To allow clients to access a Web service, it must be exposed on a running WSO2 SOA Enablement Server. There are two ways to do this: runtime publishing and persistent deployment. Runtime publishing is for local publication of a service on an embedded server. The lifecycle of the service ends when the embedded server shuts down. Persistently deployed services are deployed remotely on a running server. They are persistent because they are automatically re-published when the server is shut down and then restarted. The persistent deployment mechanism offers you more control over service configuration than the runtime API, especially on serialization settings (see Overview in Java Level Processing, Message Processing).

Runtime publishing is a faster way of developing your Web services, as it only involves compiling and executing the service. Using an IDE, this can usually be done with a single mouse click in the GUI or with a single hotkey. We recommend Runtime Publishing for WSO2 SOA Enablement Server running embedded in an application (as mentioned above) and for rapid development of lightweight applications.

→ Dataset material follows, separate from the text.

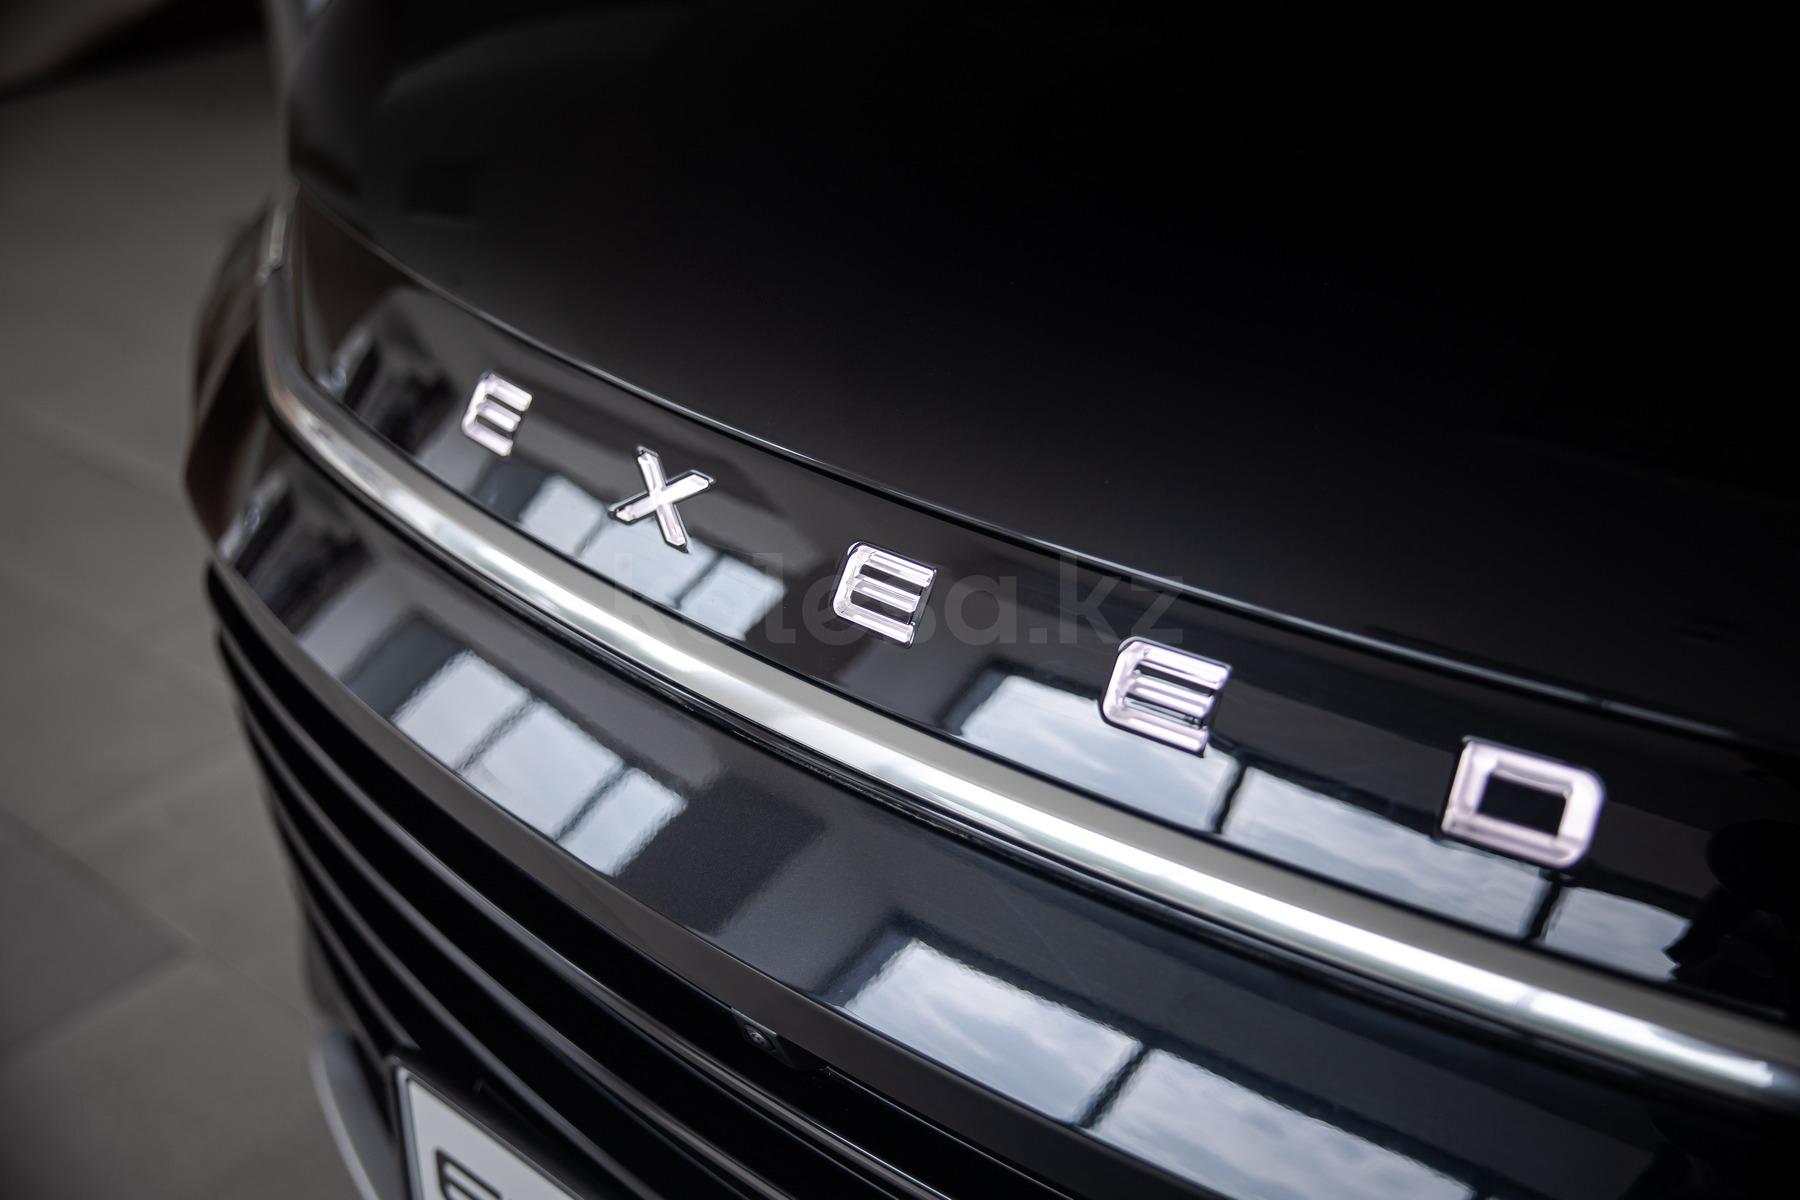 Exeed TXL SUV 2021 - н.в. года от 16 800 000 тенге

Persistent deployment is mandated when using WSO2 SOA Enablement Server ported to another server or when you need to run WSO2 SOA Enablement Server as a separate server. We also recommend persistent deployment for heavy-duty applications. Lastly, you may use deployment when you prefer a declarative approach.

In most production environments, programmers do not have direct access to the production server. In deployment, the developer or system administrator can access the production server using Deploy and Undeploy and install and configure Web services remotely over the network.

There are two main components of Web services:

In WSO2 SOA Enablement Server, one service instance can handle multiple service endpoints. The service instance includes:

Most of the service properties and settings belong to the service endpoint. This is shown in Figure 1

Figure 1. Service Instances vs. Service Endpoints

In Figure 1, we have four service endpoints (E1, E2, E3, E4) each with its own configuration and its own path inside the server. If the server is located at http://localhost:6060/, the services are accessible at URLs like http://localhost:6060/E1.

One instance can be shared among multiple endpoints. An unlimited number of other invocations of this instance is possible while the client is in call (unless per-client instantiation is being used). Different endpoints for one instance should be on different transports (for example http://mamalas.cz:6060/E1, https://mamalas.cz:8080/E2, etc.).

	Note
	Instances must be properly synchronized to avoid race conditions, deadlocks, etc., as in servlet technology.

Service endpoints E1 and E2 share the same instance I1 that serves the requests coming to the endpoints. Likewise, for endpoints E3 and E4 and instance I2. Service instances carry the state of the service (see Service Instance State Management). Also, because a service instance is usually tied to a single Java object, the two service endpoints share the same data.

A service endpoint is tied to a single WSDL Service. Usually, two service endpoints represent two different WSDL Services, as is the case with the endpoints E3 and E4. This means that E3 and E4 are different Web services but they share the same implementation object (their service instance I2) because they are connected on the implementation level. On the other hand, endpoints E1 and E2 represent the same WSDL Service, providing two different access points for it that can have different properties, usually security properties.

For example, it is possible to set up the endpoint E1 to accept any request from the presumably safe intranet clients (please see the section IP Address Filtering) and the endpoint E2 to only accept authenticated requests (please see the section Per-Service Endpoint) from the whole Internet.

The org.systinet.wasp.webservice.Registry class holds the service endpoints, which in turn hold the service instance. These service endpoints can be looked up, customized and unpublished. The Registry, ServiceEndpoint and ServiceInstance classes contain the relevant methods. They are described in the next sections.

The service instance (see above) can have several states. The service instance states and possible transitions among them are outlined in Figure 2.

Figure 2. Lifecycle of a Service Instance

The initial state of a service instance is offline. This means that the server knows about this service instance but it has not been loaded or initialized yet. A service instance deployed with the preload flag (see Deployment) is initialized at server startup or upon deployment of said service instance. Otherwise, an offline service instance enters initialization when the enable() method is called or the first request for the service comes in.

During initialization, an instance of the service is created. If the service implements the Initializable interface, Initializable.init() is called.

The service instance is now enabled. In the enabled state, the service instance is ready to serve requests but no request is being served at the moment. When a service instance does serve a request, it is active. A service instance moves from active state back to an enabled state when it finishes all requests currently being served.

The service enters the destroying state when the disable() method has been called. This method may be called while a service is either active or enabled. In the destroying state, the service finishes all remaining requests. If the service implements the Initializable interface, Initializable.destroy() is called. In any case, when all remaining requests have been processed, the service instances are destroyed.

When all resources are free, the service goes from the destroying state into the disabled state. This state may also be entered directly, without remaining requests being processed, by calling kill(). The kill() method can be called from any state except offline, and a service can be moved from offline to disabled by calling the disable() method. Thus the disabled state can be entered into from any other state.